I've used the Gtechniq wheel armour on my old car and was very impressed with it. Lasted ages and ages. 

Just bought the Platinum Wheels as I thought I'd try something different. 

Anyone used both products and if so which did you prefer? Looking from a longevity perspective. 

Cheers


----------



## Kimo (Jun 7, 2013)

Comes from the same manufacturer so take your pick

Personally though gtech for better Customer service


----------



## Mark R5 (May 21, 2013)

Ahh right was unaware of that. Well in that case I am expecting similar results then. Cheers Kimo.


----------



## Ric325i (May 5, 2015)

Did anybody compare Gtech C5 with Gyeon Rim and what where youre findings?
How long wil C5 last?


----------



## Kyle 86 (Jun 15, 2013)

Ric325i said:


> Did anybody compare Gtech C5 with Gyeon Rim and what where youre findings?
> How long wil C5 last?


Probably about 18 months if prepped and applyed properly

Sent from my SM-G920F using Tapatalk


----------



## Blueberry (Aug 10, 2007)

C5 lasts at least 18 months on our alloys


----------



## Ric325i (May 5, 2015)

@kyle 86,@Blueberry, Thanks for the information!


----------



## great gonzo (Nov 4, 2010)

I'm 13 months strong with C5 and its showing no signs of giving up. As soon as the weather warms up I will be stripping it off and polishing the wheels and reapplying C5 wouldn't use anything else now, don't know why you would. 

Gonz.


----------



## Kimo (Jun 7, 2013)

I'd use dlux or cquartz over c5 tbf

Both bead and sheet much better than c5

Cquartz is insane on wheels


----------



## Blueberry (Aug 10, 2007)

C5 is not known for its beading but then beads are not that important. It does however, sheet water right off the wheels. Having used it for 5 years plus, I wouldn't use anything else.


----------



## Luke Knott (Feb 25, 2015)

Just a side note, C1 C4 and C5 are the exact same product


----------



## Yellow Dave (Apr 5, 2011)

I typically use C5 but have just applied DLUX to my wheels the other week. 

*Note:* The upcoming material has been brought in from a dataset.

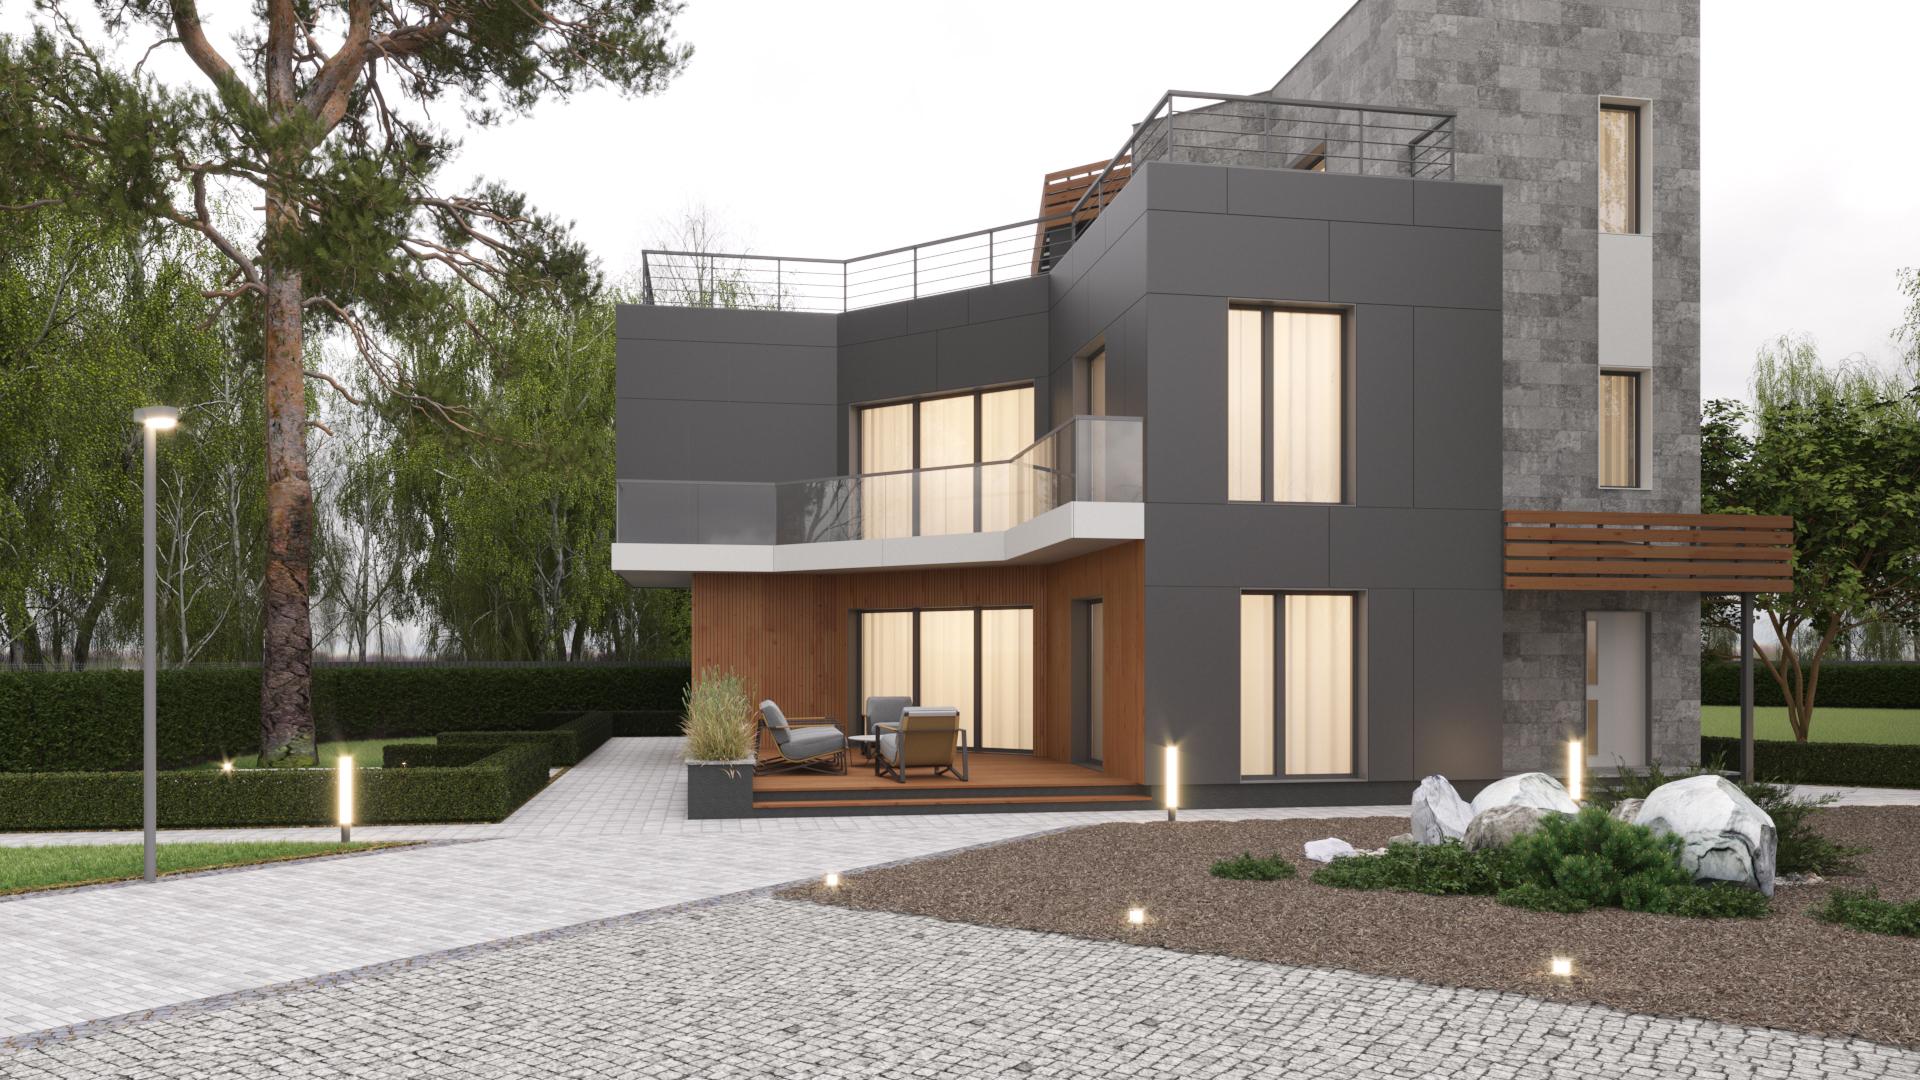 Натуральный камень в отделке фасадов дома

Wasn't as nice to apply although neither are difficult. 
First few washes with a pressure rinse and plain shampoo neither are performing any better than the other. 
Beading on a wheel isn't really important as once a fine layer of brake dust after a days use there is very little present anyway. 

I've typically managed 20,000 + with C5, I last used DLUX on a friends car that does less miles and he wanted to reapply it after a year and 10,000 miles as he wasn't happy with it's performance


----------